■ WHAT IS REQUIRED ■
Every line of the records below from the line with "Kitchen Master Gold" up to and including the line with "新款激情情趣内衣女 日式复古印花性感诱惑和服套装浴袍2347" must be reproduced exactly, and no line outside that range.

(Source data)
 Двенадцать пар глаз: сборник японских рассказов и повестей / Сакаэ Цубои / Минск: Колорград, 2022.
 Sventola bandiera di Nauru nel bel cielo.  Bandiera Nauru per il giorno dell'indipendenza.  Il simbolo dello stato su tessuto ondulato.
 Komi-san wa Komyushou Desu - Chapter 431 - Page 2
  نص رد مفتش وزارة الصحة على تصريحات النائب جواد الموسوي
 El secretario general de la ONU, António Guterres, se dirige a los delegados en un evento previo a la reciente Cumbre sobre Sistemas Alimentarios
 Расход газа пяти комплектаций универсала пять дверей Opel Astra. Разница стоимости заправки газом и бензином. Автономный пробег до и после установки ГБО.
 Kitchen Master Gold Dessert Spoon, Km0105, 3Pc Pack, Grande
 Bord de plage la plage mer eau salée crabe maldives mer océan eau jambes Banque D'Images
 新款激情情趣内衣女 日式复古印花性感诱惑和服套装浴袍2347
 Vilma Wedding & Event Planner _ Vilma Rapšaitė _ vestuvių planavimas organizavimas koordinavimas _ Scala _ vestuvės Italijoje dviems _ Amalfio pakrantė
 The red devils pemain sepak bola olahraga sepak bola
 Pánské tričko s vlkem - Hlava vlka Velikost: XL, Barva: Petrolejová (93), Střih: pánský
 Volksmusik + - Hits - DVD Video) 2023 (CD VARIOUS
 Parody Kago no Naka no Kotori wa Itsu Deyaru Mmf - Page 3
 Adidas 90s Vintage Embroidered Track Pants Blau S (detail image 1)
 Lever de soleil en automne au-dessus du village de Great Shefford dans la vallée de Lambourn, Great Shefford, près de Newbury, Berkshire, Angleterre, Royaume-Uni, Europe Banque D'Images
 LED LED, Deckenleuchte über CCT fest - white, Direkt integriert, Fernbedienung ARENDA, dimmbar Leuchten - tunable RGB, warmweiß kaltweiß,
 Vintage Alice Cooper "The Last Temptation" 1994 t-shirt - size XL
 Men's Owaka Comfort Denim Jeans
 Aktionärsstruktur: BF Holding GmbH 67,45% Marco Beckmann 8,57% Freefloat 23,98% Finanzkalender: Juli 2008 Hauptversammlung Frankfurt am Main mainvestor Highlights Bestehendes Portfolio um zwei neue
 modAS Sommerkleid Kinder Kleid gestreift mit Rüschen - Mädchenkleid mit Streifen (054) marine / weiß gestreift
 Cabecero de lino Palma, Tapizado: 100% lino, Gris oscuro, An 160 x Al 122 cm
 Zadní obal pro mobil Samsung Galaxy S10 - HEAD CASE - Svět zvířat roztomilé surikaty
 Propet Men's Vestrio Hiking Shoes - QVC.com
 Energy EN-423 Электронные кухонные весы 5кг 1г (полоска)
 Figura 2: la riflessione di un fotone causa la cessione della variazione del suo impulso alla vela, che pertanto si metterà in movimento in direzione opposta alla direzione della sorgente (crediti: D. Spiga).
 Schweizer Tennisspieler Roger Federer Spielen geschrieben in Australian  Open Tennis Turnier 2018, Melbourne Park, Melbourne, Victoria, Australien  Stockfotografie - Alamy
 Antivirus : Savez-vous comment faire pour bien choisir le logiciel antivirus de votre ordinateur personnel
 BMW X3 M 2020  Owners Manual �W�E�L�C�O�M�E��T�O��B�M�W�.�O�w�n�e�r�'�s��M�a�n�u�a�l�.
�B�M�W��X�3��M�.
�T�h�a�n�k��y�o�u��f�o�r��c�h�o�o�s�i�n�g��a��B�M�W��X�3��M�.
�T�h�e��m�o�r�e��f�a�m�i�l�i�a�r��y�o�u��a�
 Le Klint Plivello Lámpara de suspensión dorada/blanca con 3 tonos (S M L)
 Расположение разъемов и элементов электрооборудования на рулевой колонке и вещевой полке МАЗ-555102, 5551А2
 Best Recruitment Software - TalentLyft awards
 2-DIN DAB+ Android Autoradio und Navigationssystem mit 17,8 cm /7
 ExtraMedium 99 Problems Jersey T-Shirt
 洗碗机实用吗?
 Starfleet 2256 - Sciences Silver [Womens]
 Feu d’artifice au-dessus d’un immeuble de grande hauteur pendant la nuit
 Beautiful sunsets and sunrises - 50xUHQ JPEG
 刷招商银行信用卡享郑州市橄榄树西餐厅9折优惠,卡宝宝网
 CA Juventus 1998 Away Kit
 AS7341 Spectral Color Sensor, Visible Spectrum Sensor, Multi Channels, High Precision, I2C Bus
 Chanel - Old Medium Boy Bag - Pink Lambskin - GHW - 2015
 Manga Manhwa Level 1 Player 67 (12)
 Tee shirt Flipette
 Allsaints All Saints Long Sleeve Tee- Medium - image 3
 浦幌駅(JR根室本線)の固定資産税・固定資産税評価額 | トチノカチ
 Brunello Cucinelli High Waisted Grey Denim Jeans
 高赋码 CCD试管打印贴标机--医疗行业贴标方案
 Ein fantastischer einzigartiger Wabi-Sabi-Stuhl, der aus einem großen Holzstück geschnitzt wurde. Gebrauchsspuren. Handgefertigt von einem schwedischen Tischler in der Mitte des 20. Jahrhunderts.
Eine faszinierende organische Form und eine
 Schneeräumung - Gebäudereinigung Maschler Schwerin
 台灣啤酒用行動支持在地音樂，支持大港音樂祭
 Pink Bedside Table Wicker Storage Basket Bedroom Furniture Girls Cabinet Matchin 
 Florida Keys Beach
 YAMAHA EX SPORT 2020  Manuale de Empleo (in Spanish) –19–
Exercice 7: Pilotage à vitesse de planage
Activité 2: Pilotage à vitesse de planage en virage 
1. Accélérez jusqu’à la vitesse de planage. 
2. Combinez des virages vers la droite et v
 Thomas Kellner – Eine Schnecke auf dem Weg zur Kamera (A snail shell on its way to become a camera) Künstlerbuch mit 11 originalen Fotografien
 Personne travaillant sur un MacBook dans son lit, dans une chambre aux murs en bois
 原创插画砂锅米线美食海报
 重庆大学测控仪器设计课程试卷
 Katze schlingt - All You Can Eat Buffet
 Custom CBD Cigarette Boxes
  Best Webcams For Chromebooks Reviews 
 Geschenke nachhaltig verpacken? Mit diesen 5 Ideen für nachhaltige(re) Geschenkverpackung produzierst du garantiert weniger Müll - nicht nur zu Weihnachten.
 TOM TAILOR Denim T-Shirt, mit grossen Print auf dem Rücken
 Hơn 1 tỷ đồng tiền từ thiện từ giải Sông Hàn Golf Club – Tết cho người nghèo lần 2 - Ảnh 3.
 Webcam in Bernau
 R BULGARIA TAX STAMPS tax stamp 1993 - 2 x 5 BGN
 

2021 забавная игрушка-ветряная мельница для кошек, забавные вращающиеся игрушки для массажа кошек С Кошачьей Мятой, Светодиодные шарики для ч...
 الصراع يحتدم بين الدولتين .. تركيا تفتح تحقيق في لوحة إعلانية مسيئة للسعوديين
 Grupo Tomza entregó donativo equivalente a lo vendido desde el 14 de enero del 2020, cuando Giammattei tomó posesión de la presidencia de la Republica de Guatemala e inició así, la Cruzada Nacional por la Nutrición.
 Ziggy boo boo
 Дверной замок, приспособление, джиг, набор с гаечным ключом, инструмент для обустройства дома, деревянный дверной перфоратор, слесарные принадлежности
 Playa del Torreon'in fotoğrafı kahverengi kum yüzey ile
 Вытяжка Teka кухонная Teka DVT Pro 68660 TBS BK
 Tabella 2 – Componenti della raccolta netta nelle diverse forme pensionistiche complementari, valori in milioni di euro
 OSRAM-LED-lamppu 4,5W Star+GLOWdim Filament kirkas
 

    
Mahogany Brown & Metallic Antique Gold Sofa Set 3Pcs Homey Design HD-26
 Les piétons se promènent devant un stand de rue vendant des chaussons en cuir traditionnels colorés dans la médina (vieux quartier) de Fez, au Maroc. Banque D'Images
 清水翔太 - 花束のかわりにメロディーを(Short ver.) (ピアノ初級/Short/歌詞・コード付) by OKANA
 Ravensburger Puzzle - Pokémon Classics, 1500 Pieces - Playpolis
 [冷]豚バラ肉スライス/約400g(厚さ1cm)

■ RESULT FOR THIS EXERCISE ■
 Kitchen Master Gold Dessert Spoon, Km0105, 3Pc Pack, Grande
 Bord de plage la plage mer eau salée crabe maldives mer océan eau jambes Banque D'Images
 新款激情情趣内衣女 日式复古印花性感诱惑和服套装浴袍2347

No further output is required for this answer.